If you really want to prevent accidents you need to investigate and understand their causes as fully as possible, says UK Royal Society for the Prevention of Accidents (RoSPA) Occupational Safety Adviser, Roger Bibbings.

There are two very common errors in the way people perceive accidents. Either they see them at one extreme, as rare, chance chains of events and circumstances which are beyond both prediction and control or, at the other end of the spectrum, they see them as quite simple events with single causes.

In reality nearly all accidents - even mundane ones - turn out to be as complex as they are preventable. But failure to understand the complexity of accidents leads both to missed opportunities for prevention as well as over-simple and inappropriate prescriptions to improve safety and reliability.

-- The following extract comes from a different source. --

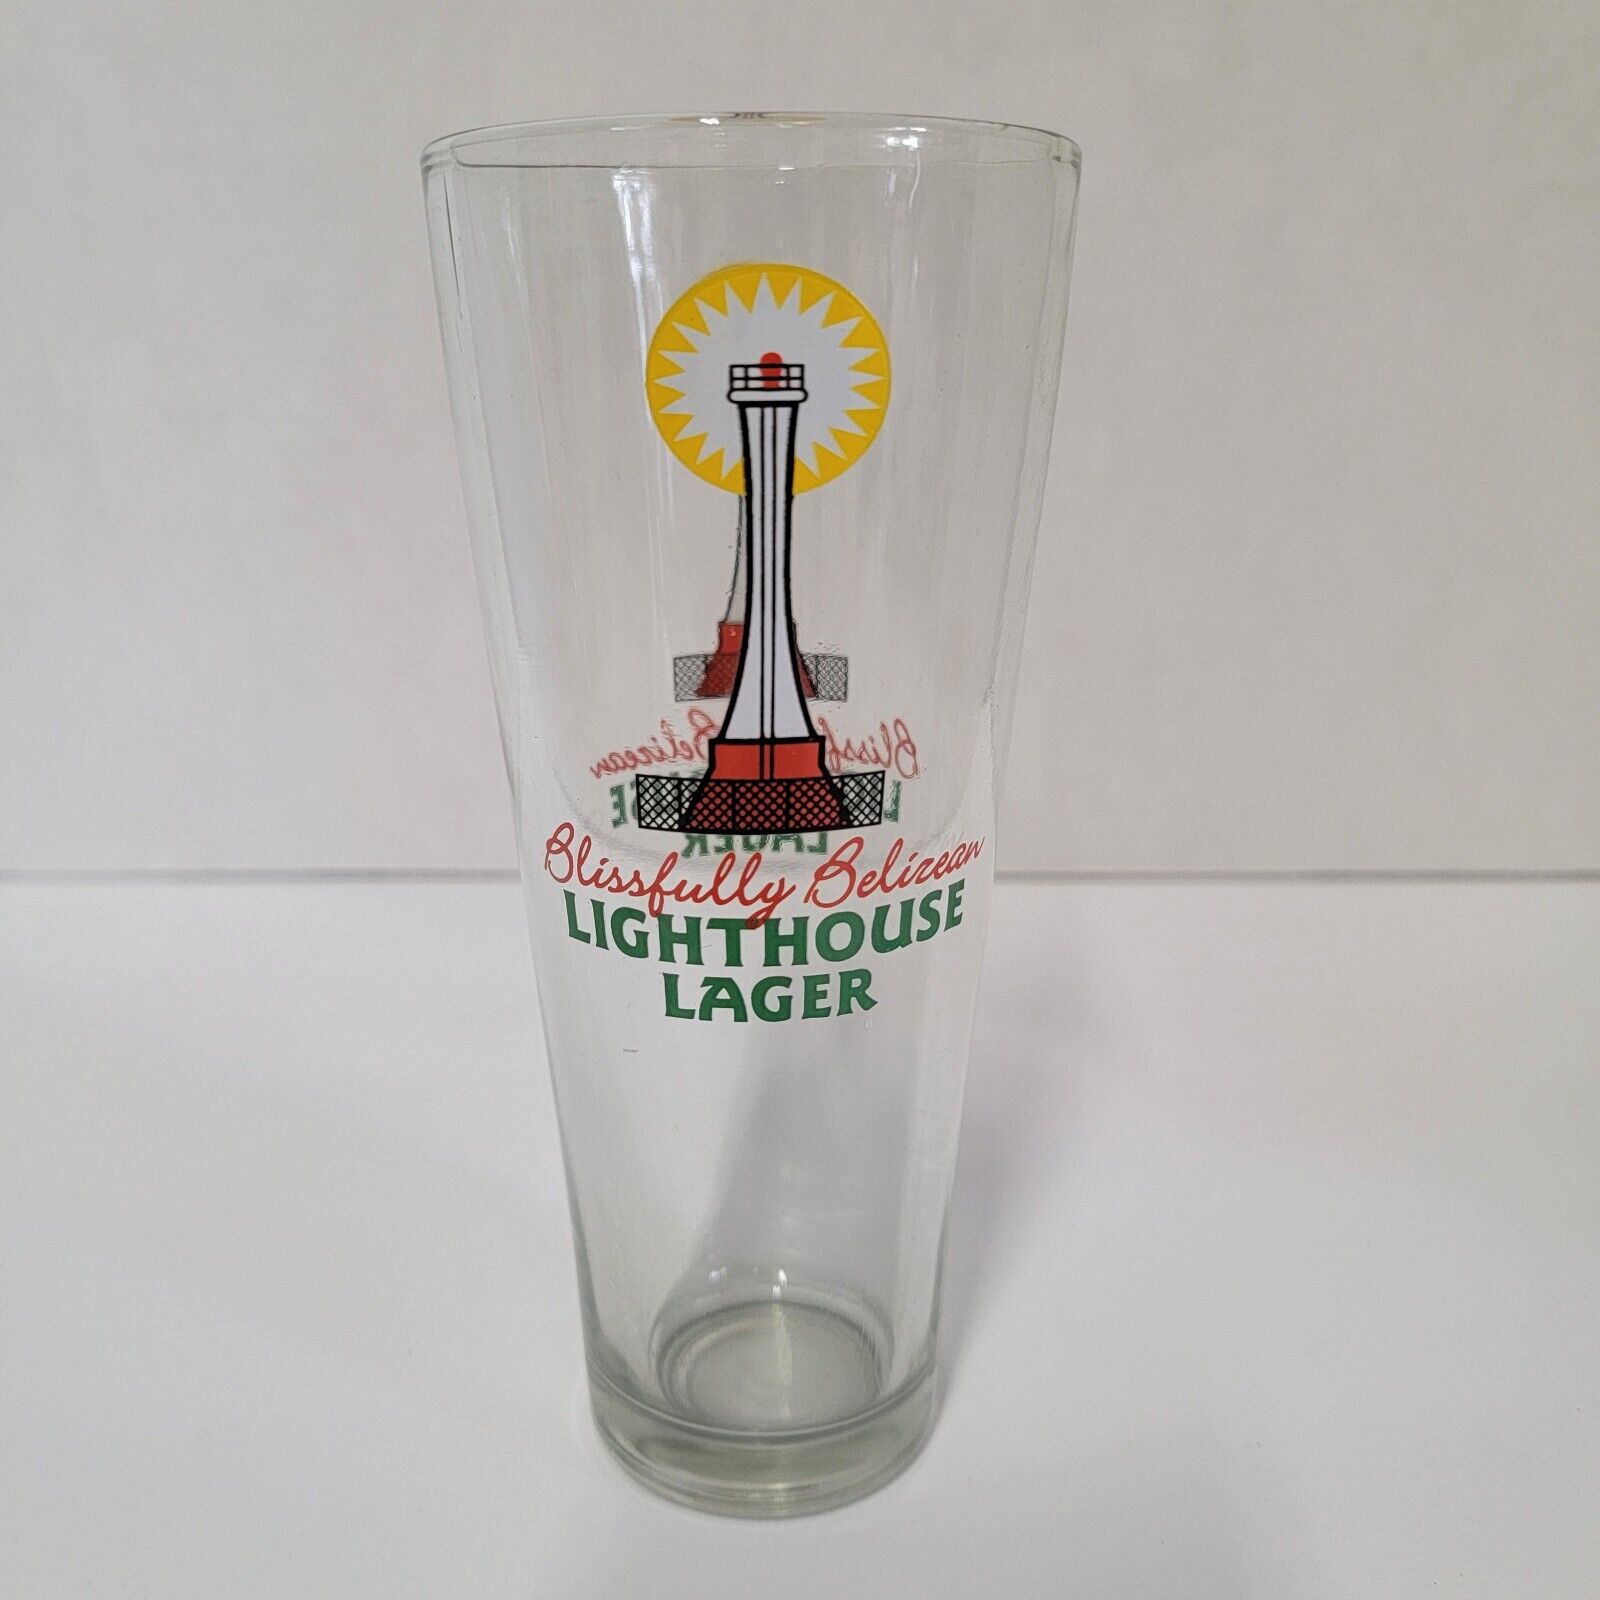 Lighthouse Lager Beer Glass Belize Brewing Co. Blissfully Belizean

One of the reasons for an over-simple, uni-causal view of accidents among many non-experts is that few lay people have ever had to undertake an accident investigation. Investigation is not only challenging in itself but can be a great learning experience for those involved. Sadly, however, it tends to remain the preserve of 'experts' - even though team-based investigation, led by managers with worker involvement, offers many more opportunities for combining skills and insights as well as securing collective buy-in to findings and recommendations. (See www.rospa.com/occupational-safety/advice/safety-failure)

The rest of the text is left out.